Which, then, of these banks will be the next to fall? Will it be a smaller bank such as PacWest (#60 in asset size at the end of last year) or Western Alliance (#44 in asset size)? Rumors abound that both are looking for buyers to bail them out.
Could PNC (#6 in asset size) be in trouble? Of the large domestic banks, it has had the worst ride over the past week.
Is Spanish bank BBVA headed for rough waters? It, too, had a wild ride down last week.
Much depends on what new wrinkle emerges within the banking sector. There is no shortage of pundits who argue that banks, and in particular the smaller regional banks, engaged in “reckless lending”, with the result that many are saddled with commercial real estate loans of questionable value.
It is difficult to predict what may unfold here. Certainly small banks hold the vast majority of this country’s commercial real estate loans. Commercial real estate is an asset class that is definitely heading into a turbulent period, as COVID lockdowns and the resulting shifts to “work from home” situations have done much to reduce the value of commercial real estate—or so we are told.
The troubled institutions have something in common: Their assets are heavy in commercial real estate and loans to tech companies.

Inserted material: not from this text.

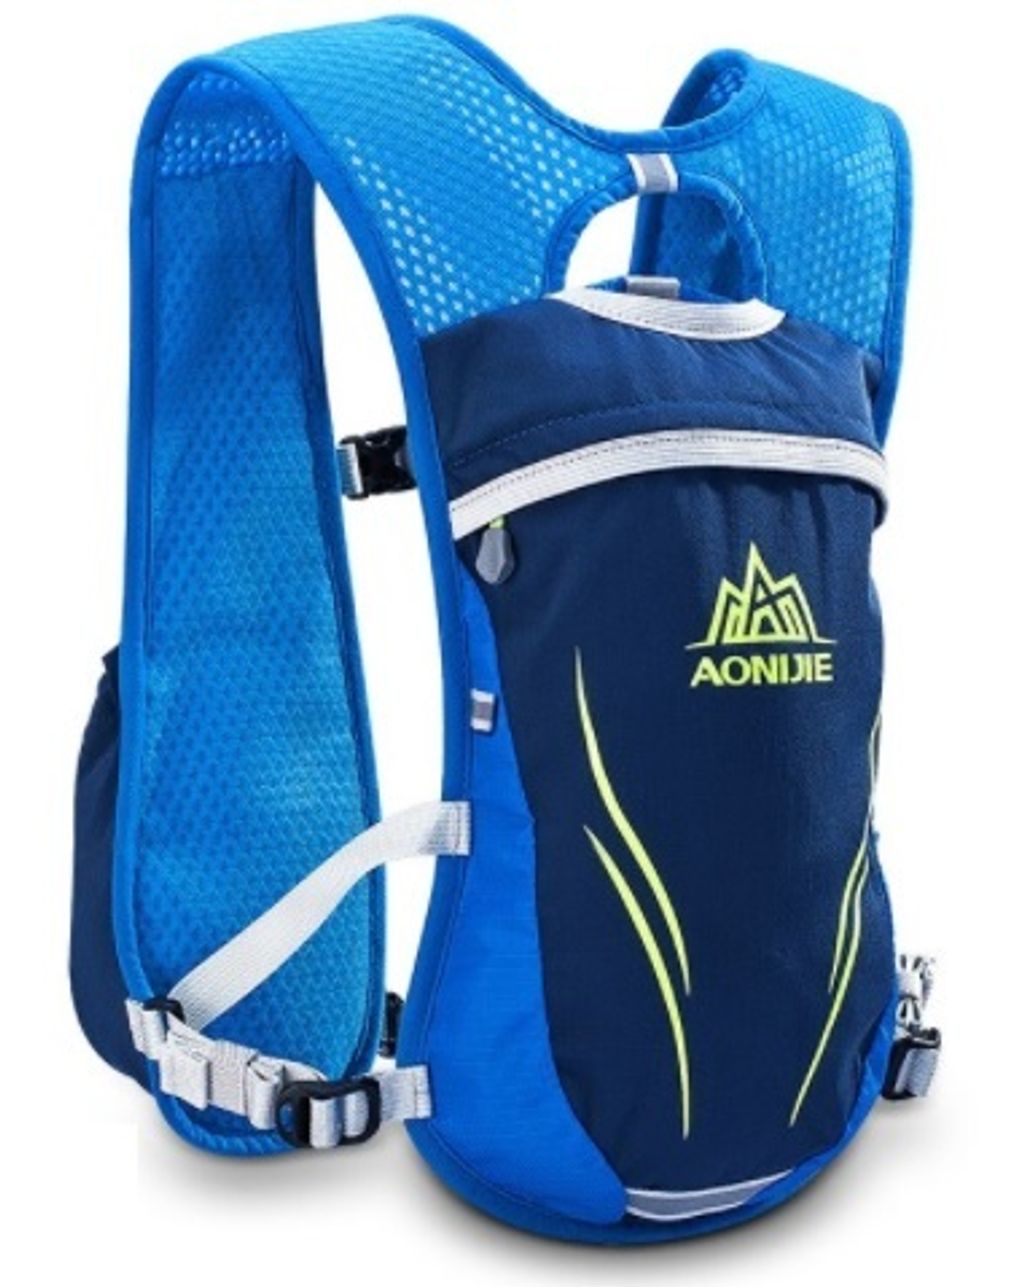 aonijie 5.5L e885 backpack blue.jpg

Remote work that emptied office buildings during the pandemic has left some of the once most expensive office towers in cities such as San Francisco and Seattle in trouble. One, in the City by the Bay, is now being offered at a fire-sale price, suffering an 80% drop in value over the past four years.
While office vacancies are undoubtedly an issue, one market indicator of real estate valuations is the index of traded Real Estate Income Trusts (REITs), the Dow Jones Equity All REIT Index is up 3% year to date. Mortgage backed bond Exchange Traded Funds are down by roughly 11%-12%.
While these indices show that Wall Street does have concerns about the state of commercial real estate, predictions of a real estate crisis and collapse are, for now, simply that.
This much is certain: The Federal Reserve continues to push up interest rates as best it can, increasing the federal funds rate to 5.25% and all but guaranteeing that deposit flight will continue.
Likewise, banks with large securities portfolios, heavy on mortgage-backed securities and Treasuries, are going to be faced with dwindling market value of those portfolios, as rising interest rates sap the securities of their market value. Whether banks can avoid the rocky shoals of collapsing share price until the underwater securities can be resolved is itself a question.
The longer the deposit outflows continue, the greater the likelihood there will be more banks caught up in bank run and liquidity squeeze. The longer the deposit outflows continue, the greater the certainty that more than one bank will need to be closed and bailed out through the remainder of this year.
More banking dominoes will fall. We do not yet know for certain which banks those dominoes will be.
Good read!
I’ve got a case of the (economic) vapors so bad that I’m buying precious metals to stash under my bed.
There seems to be more of a ‘bailout’ mentality in government circles these days than there was a few decades ago. The banking authorities have been making noise recently about guaranteeing all deposits, even those above the FDIC limit of $250,000, and in spite of the moral hazard. Do you think they will?